Move blue straight ahead, its left stand going on red, and its center and right stand going on green.
Move green second, it swings around behind blue and hits green on the exposed flank and also draws grey in with a flank charge as well.
When you move blue cavalry first, you'd have to move the right and middle stands directly forward. The third stand would then have to get to the flank of the same unit. When pursuing, stands have to get in touch with the retreating unit if possible.
Then, there'd be no room for blue to pursue. Exactly as wmchaos2000 says.
Unless any previous stands from the same unit already has made contact with a new unit, following pursuing stands are not allowed to.
I think that even if one of the stands made contact with another unit, the other stand(s) would still have to get into contact with the original unit (if possible). These rules strictly mention pursuing unit and retreating unit.
Since there is no need to maximize frontage in a pursuit, and corner to corner does not count towards mandatory contact a cavalry stand could be placed in contact with the grey infantry to bring it into the combat, or it could be placed to not touch grey and leave them out of the combat.
You're correct that you don't need to maximize frontage.
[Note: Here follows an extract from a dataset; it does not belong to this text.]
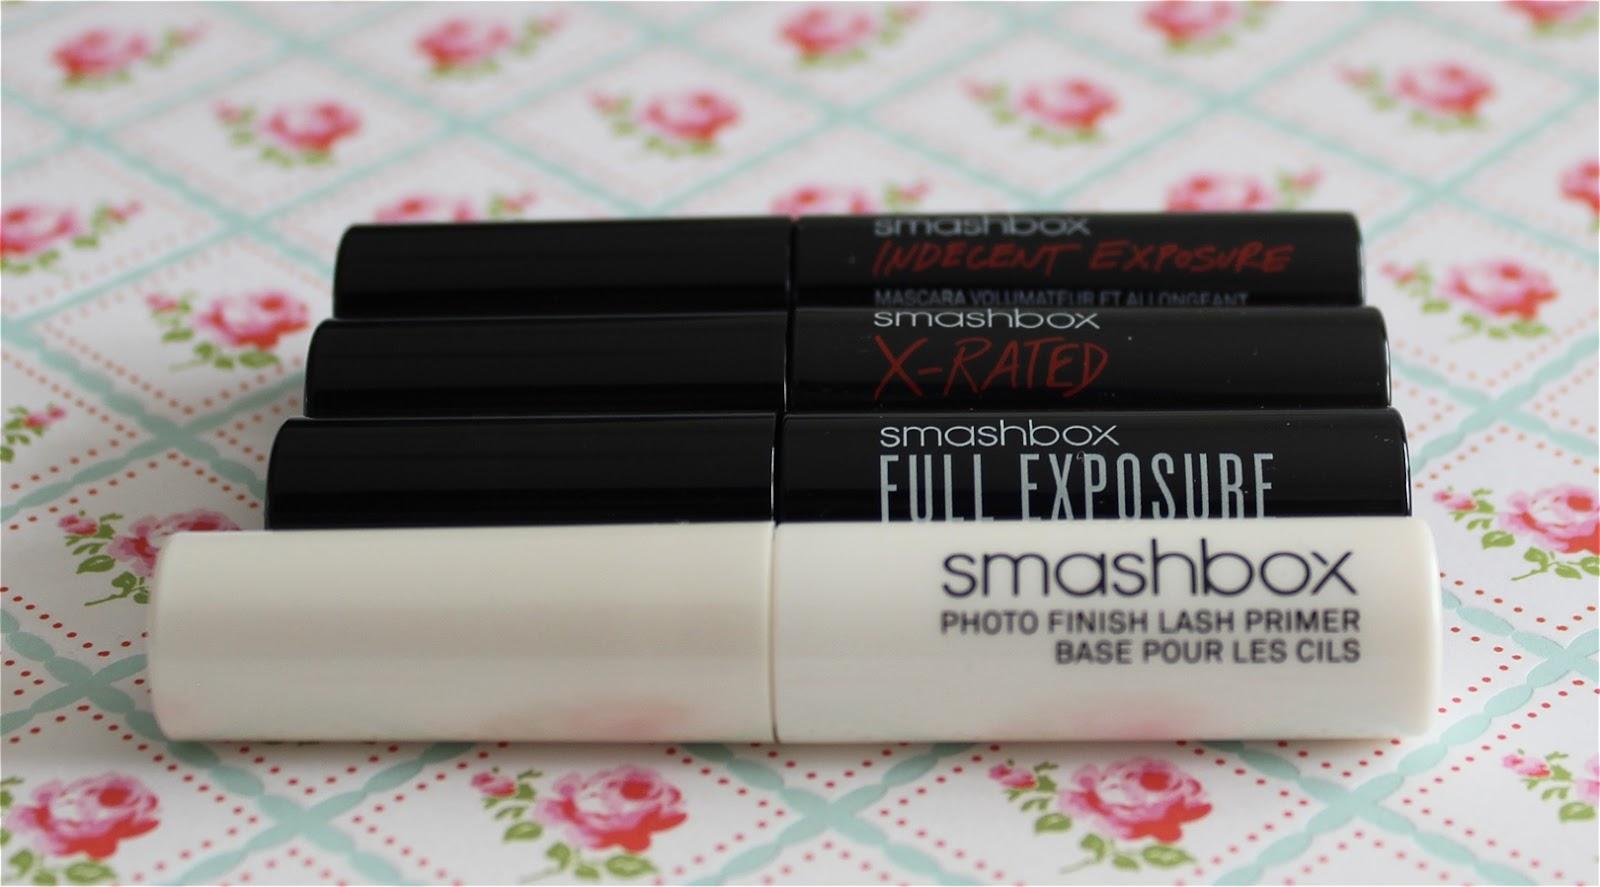 Smashbox Try It Kit Lash Primer + Mascara swatch

However, if no stand can pursue by moving directly forward, you take a stand and move it to the closest accessible edge, center-to-center. And the corner-to-cornder contact with the retreating unit IS mandatory.
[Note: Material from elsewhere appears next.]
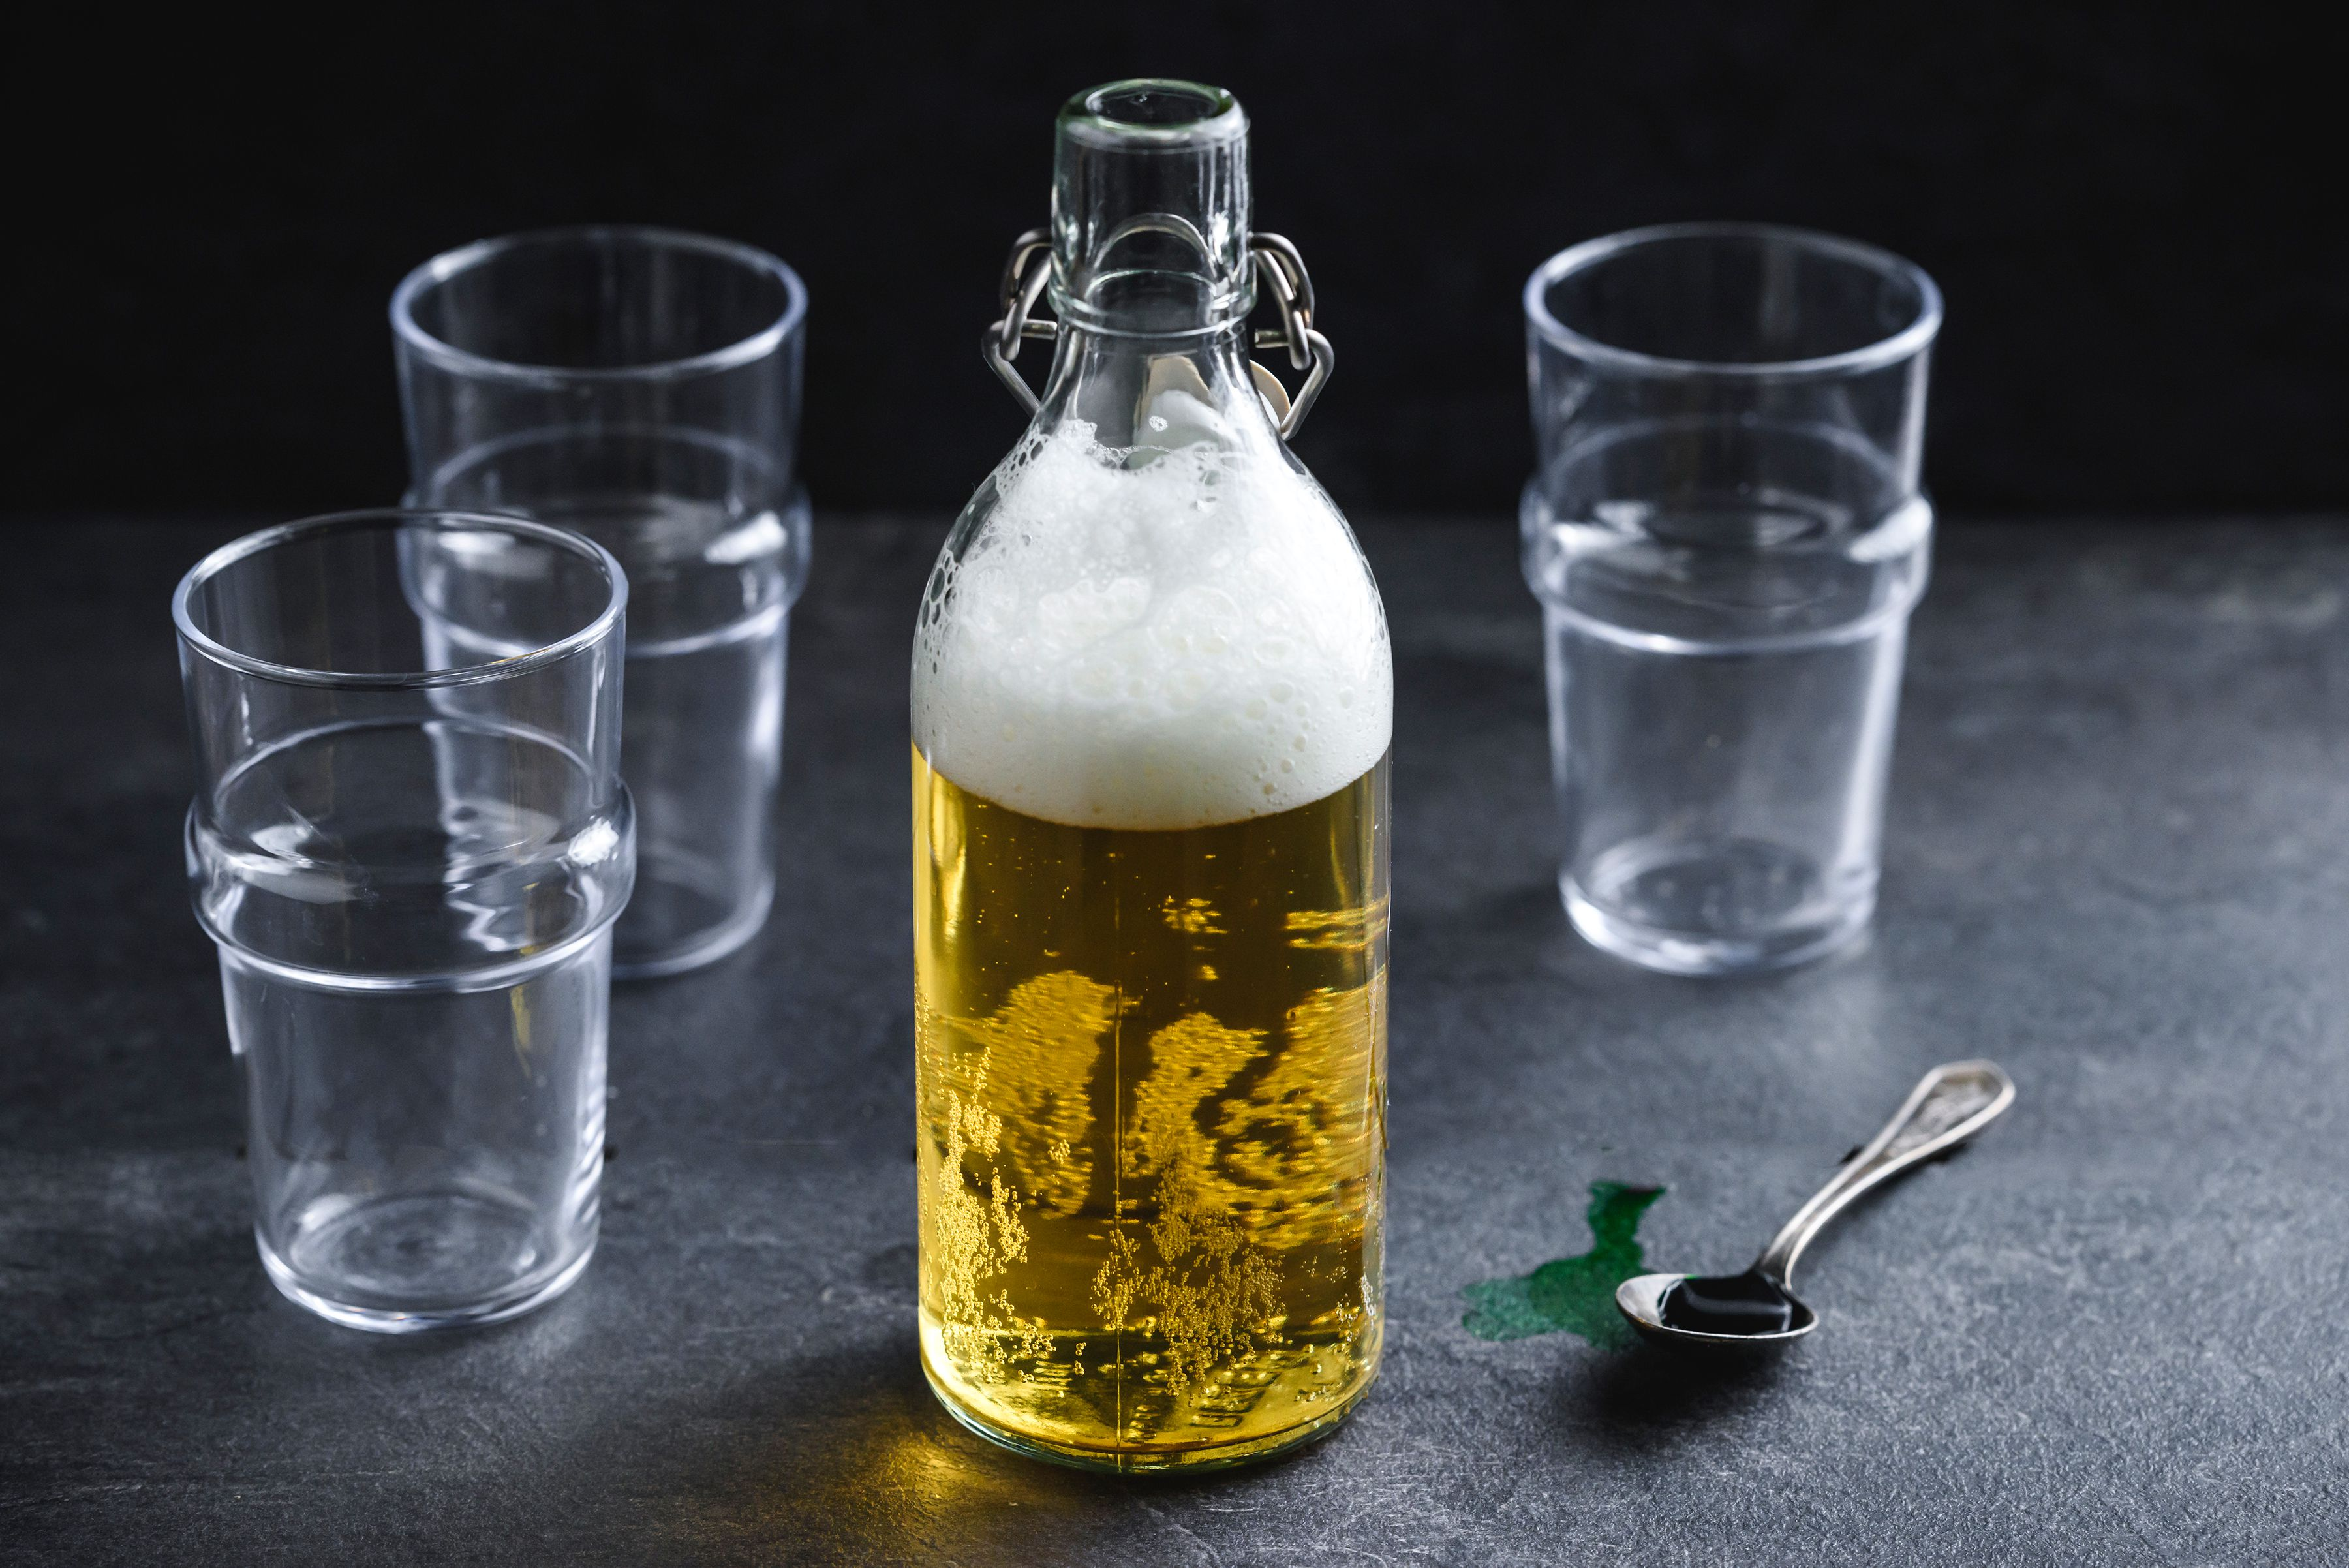 Ingredients for green beer

So if green cavalry pursues first, the position on Raia's last image (the one sent in link only) is the only possible option.
It will bring grey into contact and there is no way to not drag them into the combat if green pursues first.
The only possible path, to me, isn't the shortest path. The shortest path is blocked by the gap rule, needs to be greater than the 2cm cavalry frontage.
In pursuit, distance does not matter. That's what's written in the rules.
It's your call, if you are going to play strictly by the rules or based on a mutual agreement.
I percieve it as a matter of getting used to the fact that order of the pursuing units matters.